-- Task statement --
From the first line to the last, set down the material exactly and drop every picture.

-- Material provided --
- Opening Delimiter -

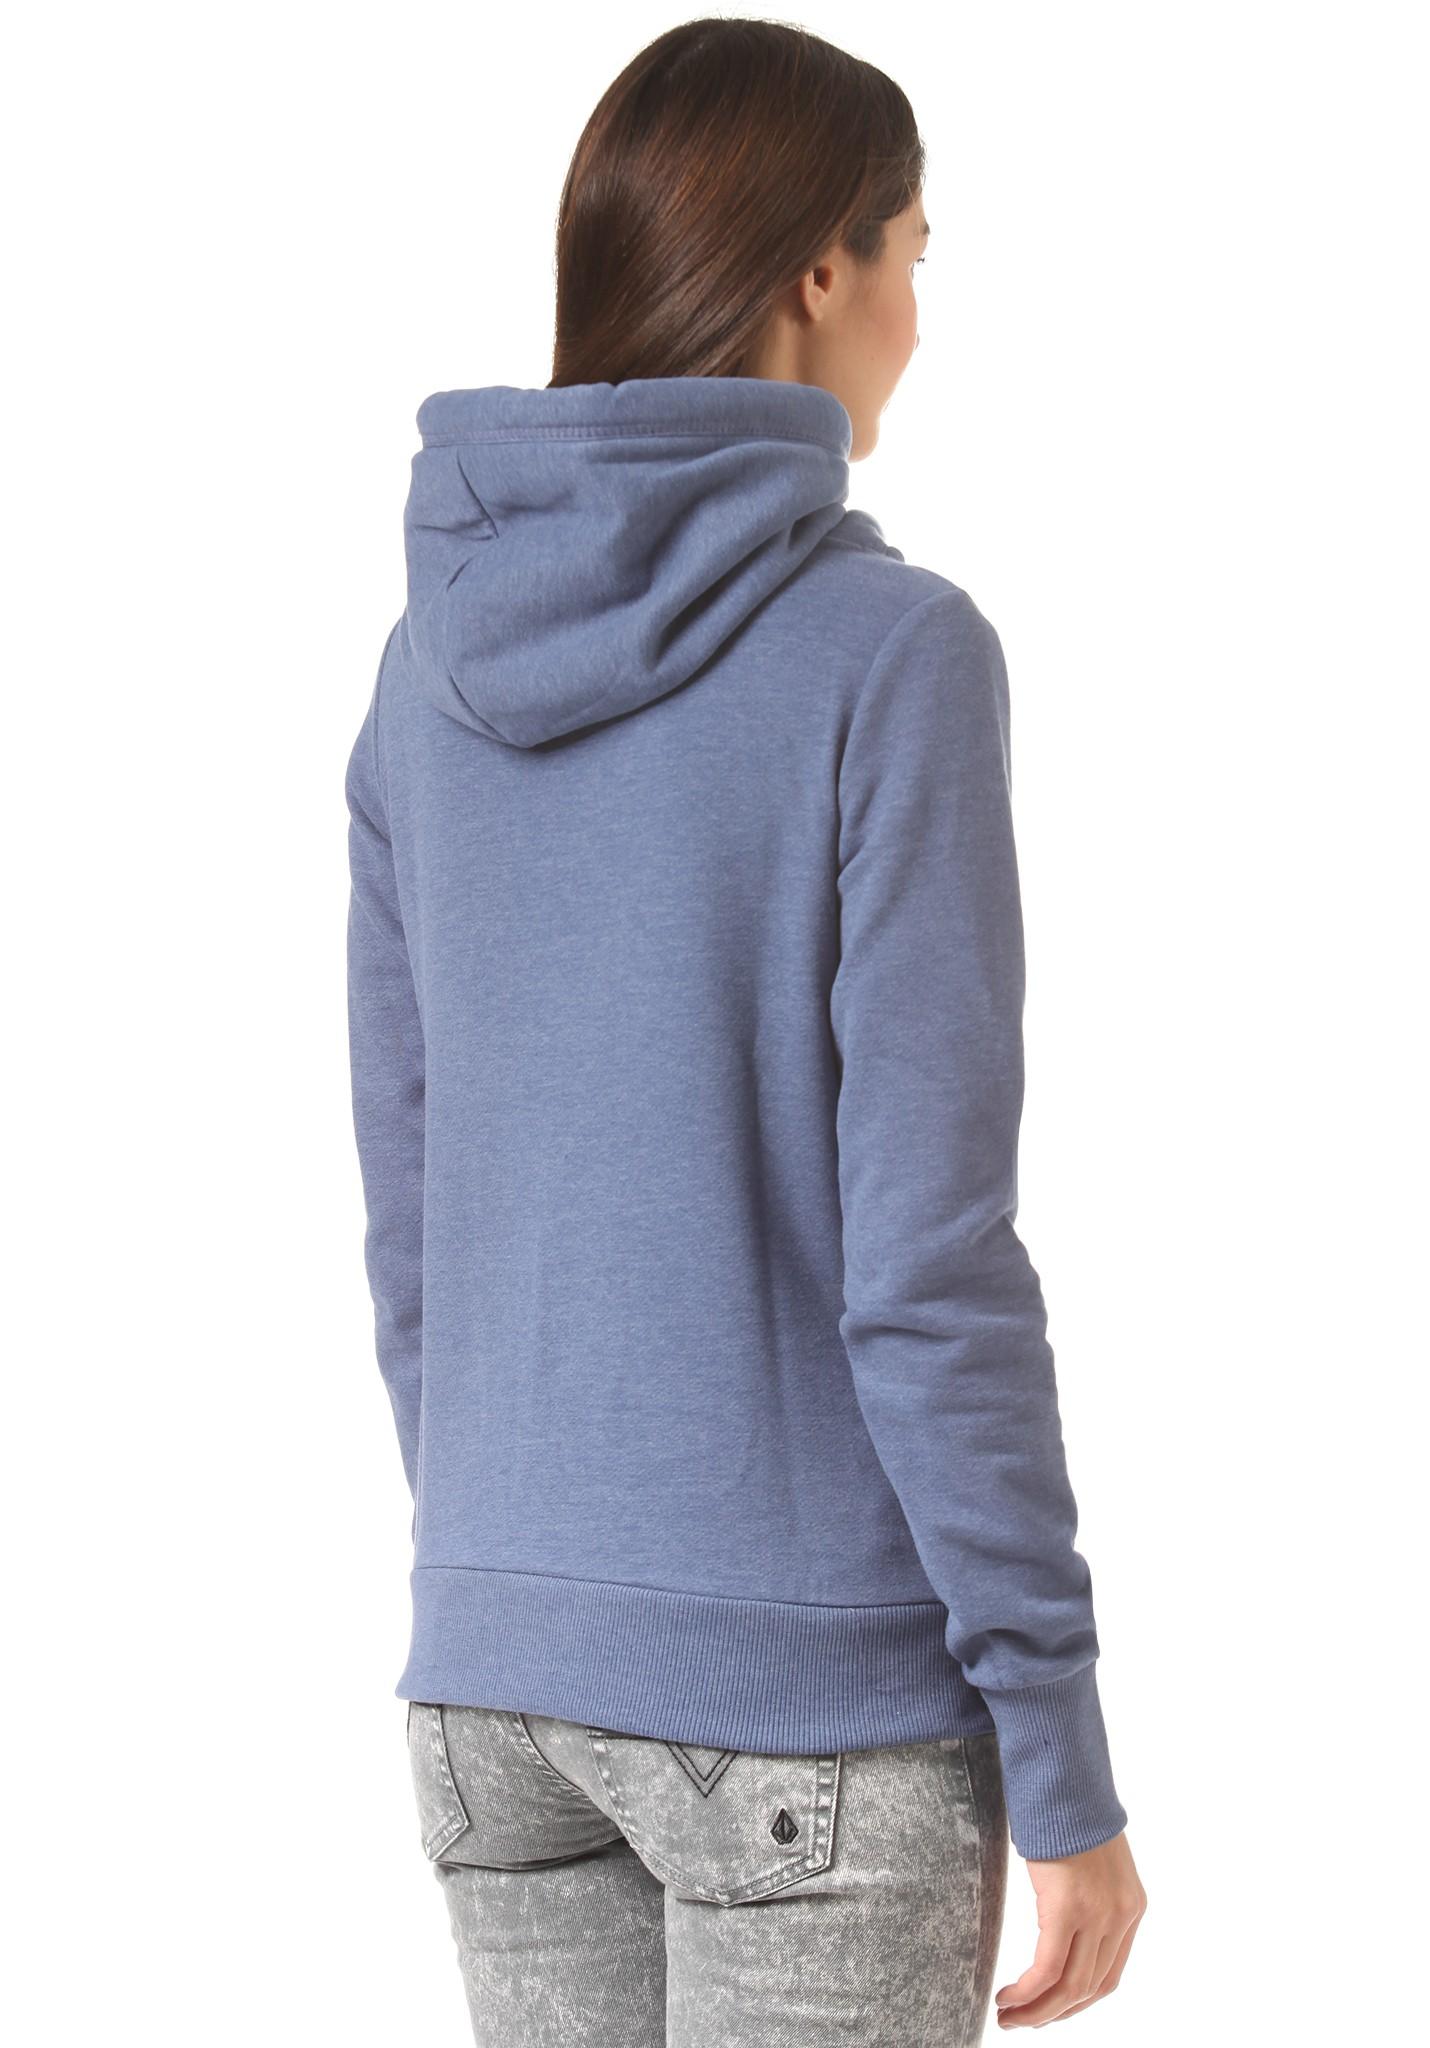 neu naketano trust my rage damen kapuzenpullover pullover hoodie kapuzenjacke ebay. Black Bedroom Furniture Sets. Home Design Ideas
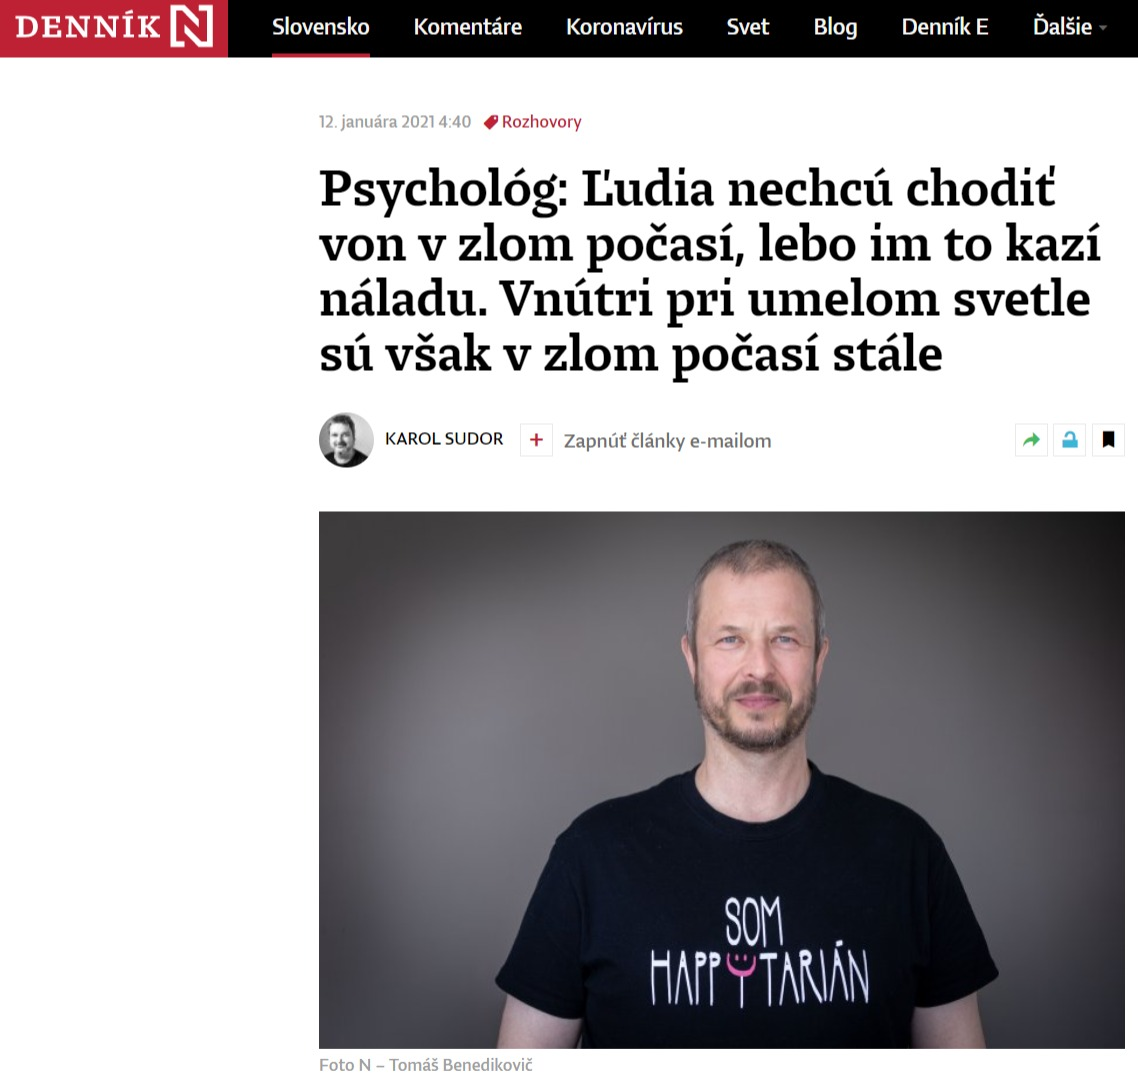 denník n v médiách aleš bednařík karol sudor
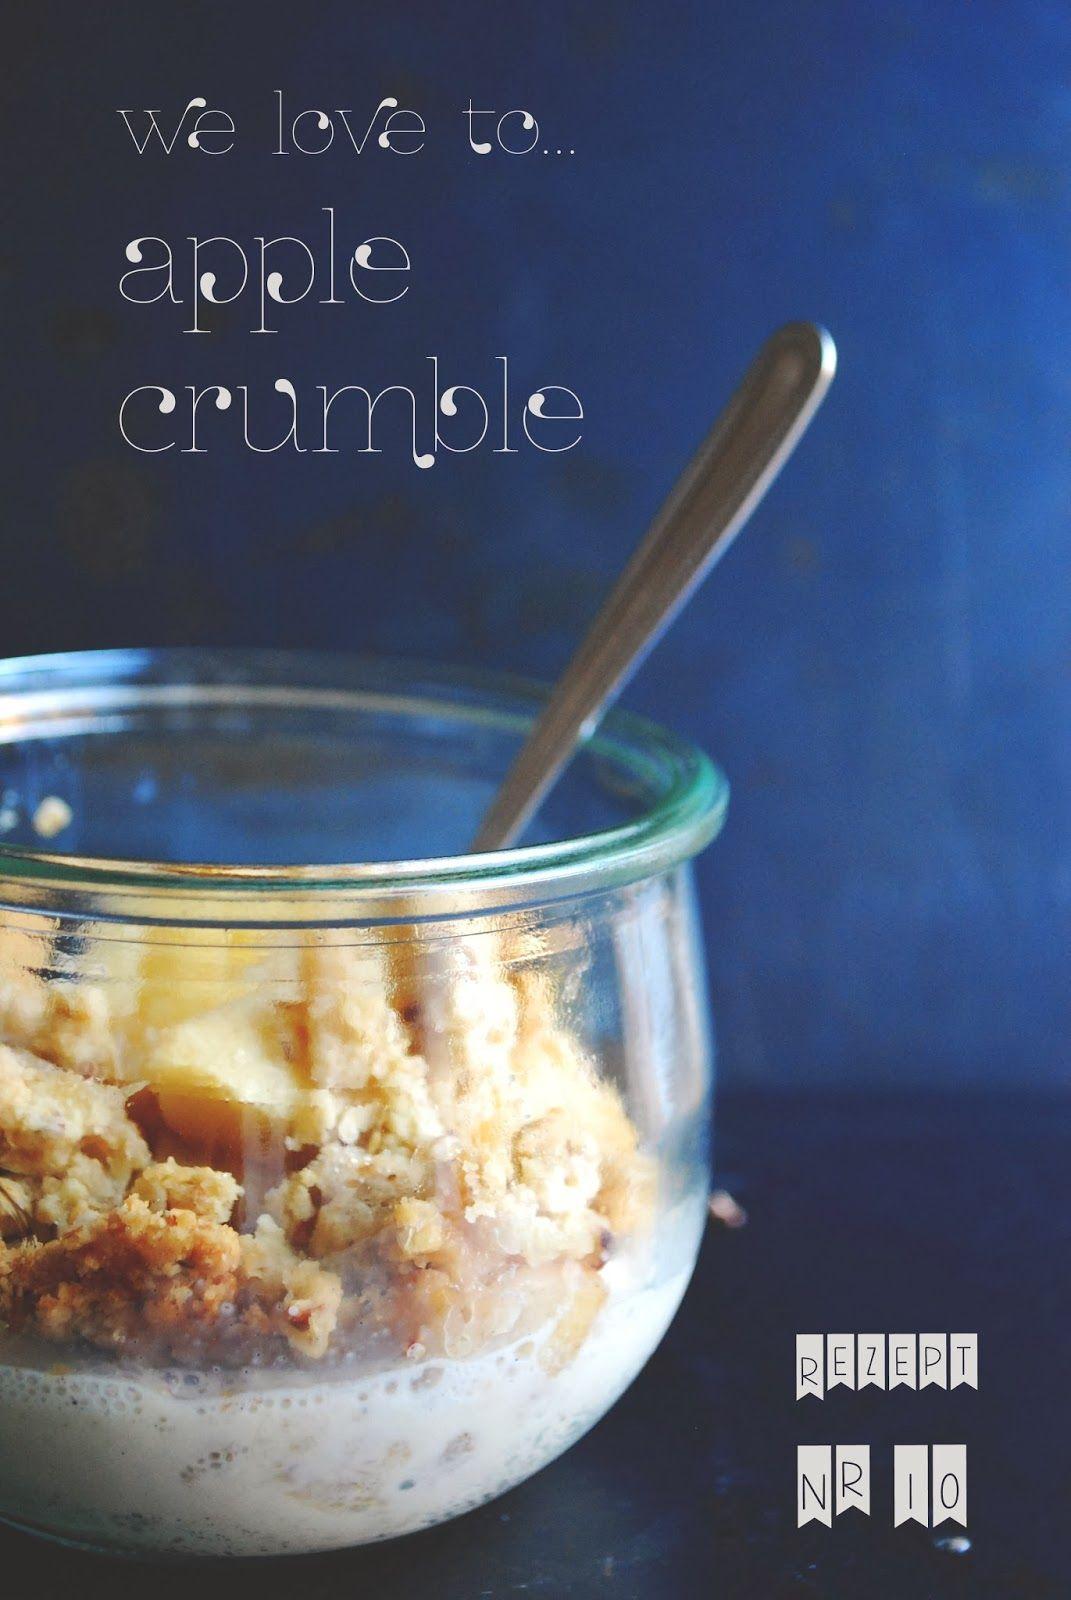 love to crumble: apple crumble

- Closing Delimiter -

-- Solution for this exercise --
 neu naketano trust my rage damen kapuzenpullover pullover hoodie kapuzenjacke ebay. Black Bedroom Furniture Sets. Home Design Ideas
 denník n v médiách aleš bednařík karol sudor
 love to crumble: apple crumble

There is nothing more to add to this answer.